What you return should be the full listing, word for word, without a single image.
⁂
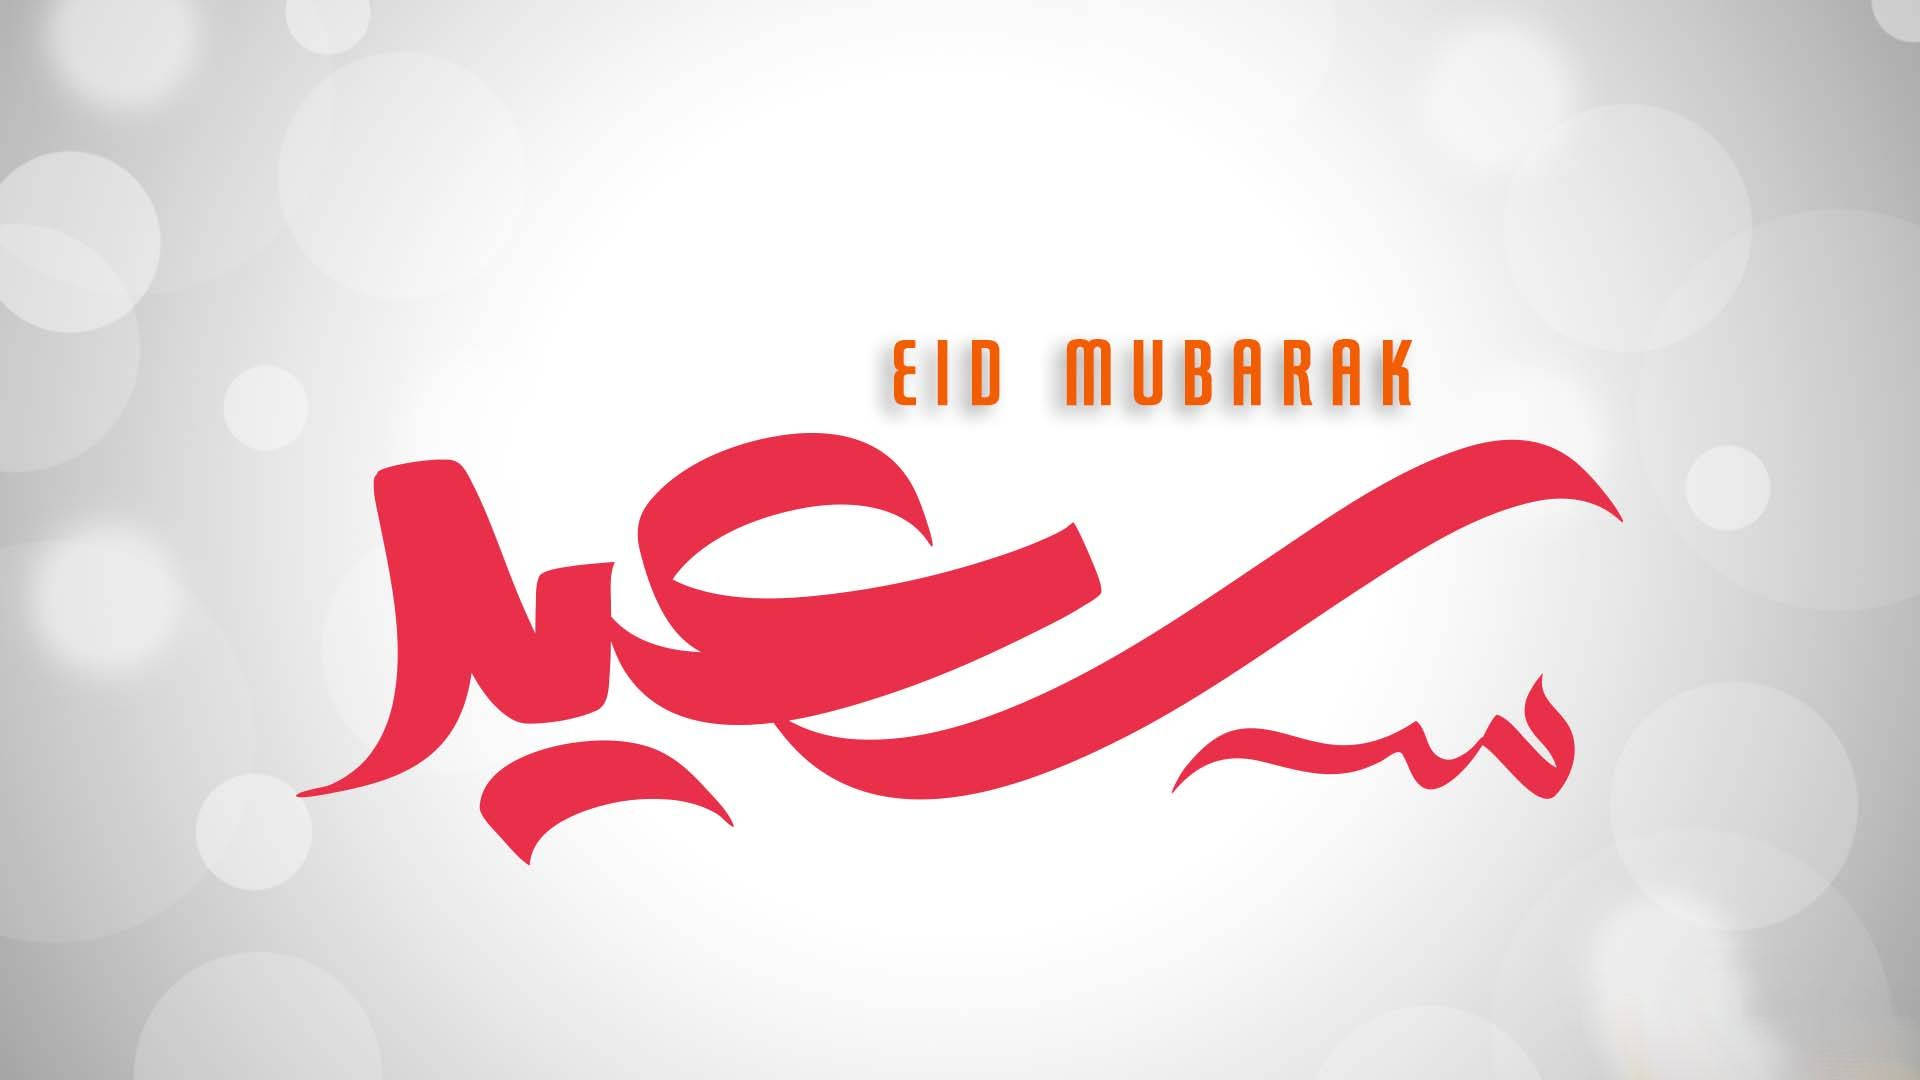 Caption: Celebrating Eid Mubarak - Stunning Evening Full Of Lights And Moon Background
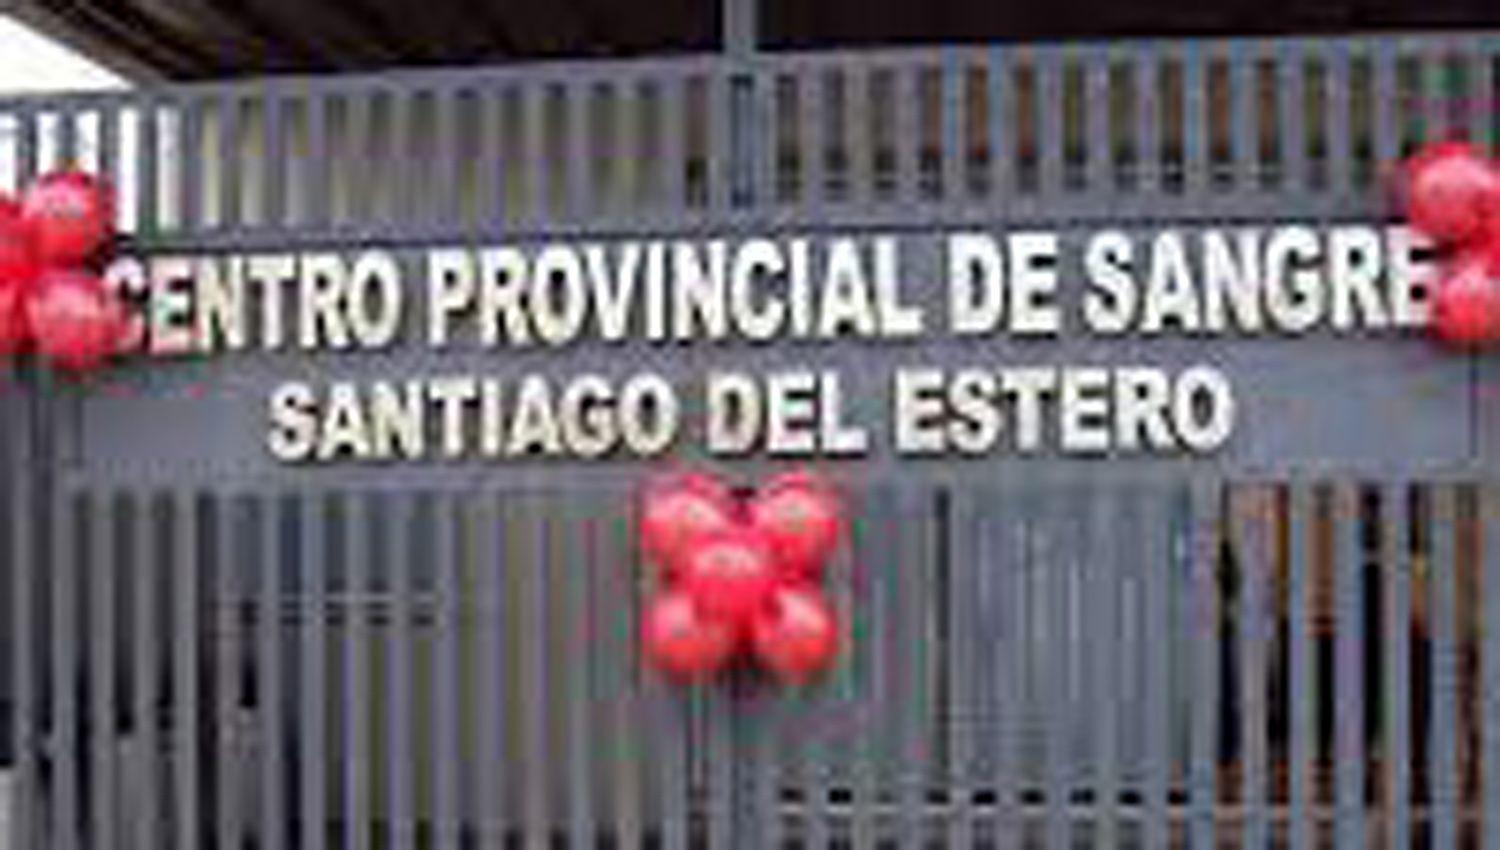 En Santiago la colecta se concretar� en el Centro
Provincial de Sangre
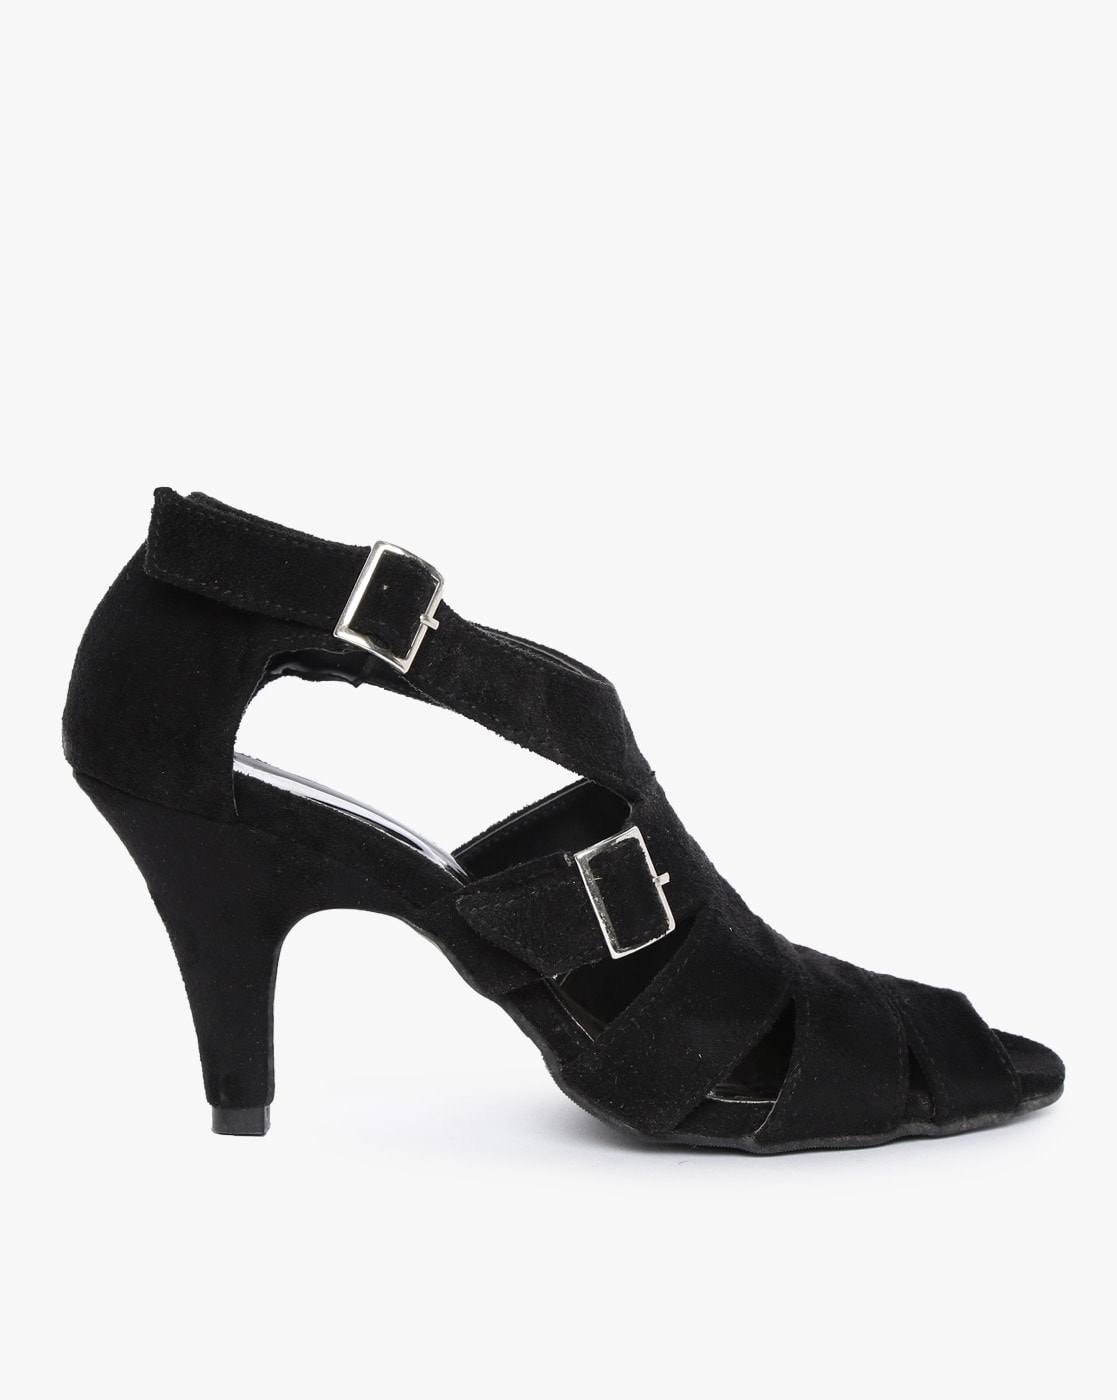 strappy black kitten heels
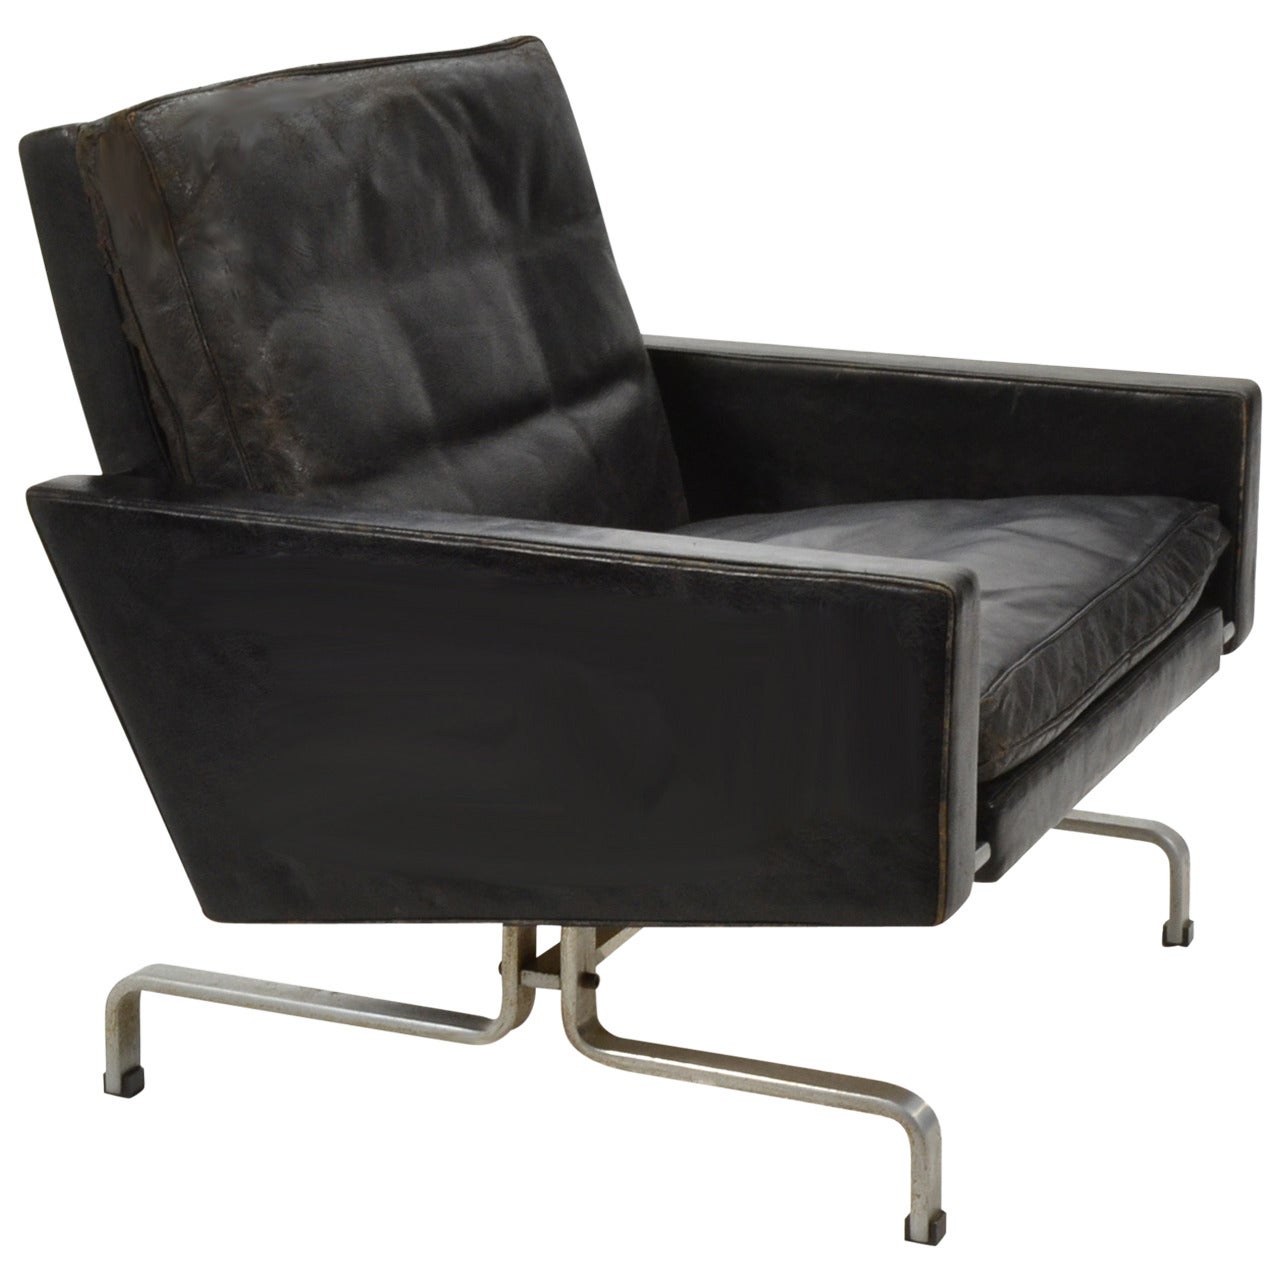 Poul Kjaerholm PK-31/1 Lounge Chair by E. Kold Christensen
⁂
▶ ANSWER BOX:
 Caption: Celebrating Eid Mubarak - Stunning Evening Full Of Lights And Moon Background
 En Santiago la colecta se concretar� en el Centro
Provincial de Sangre
 strappy black kitten heels
 Poul Kjaerholm PK-31/1 Lounge Chair by E. Kold Christensen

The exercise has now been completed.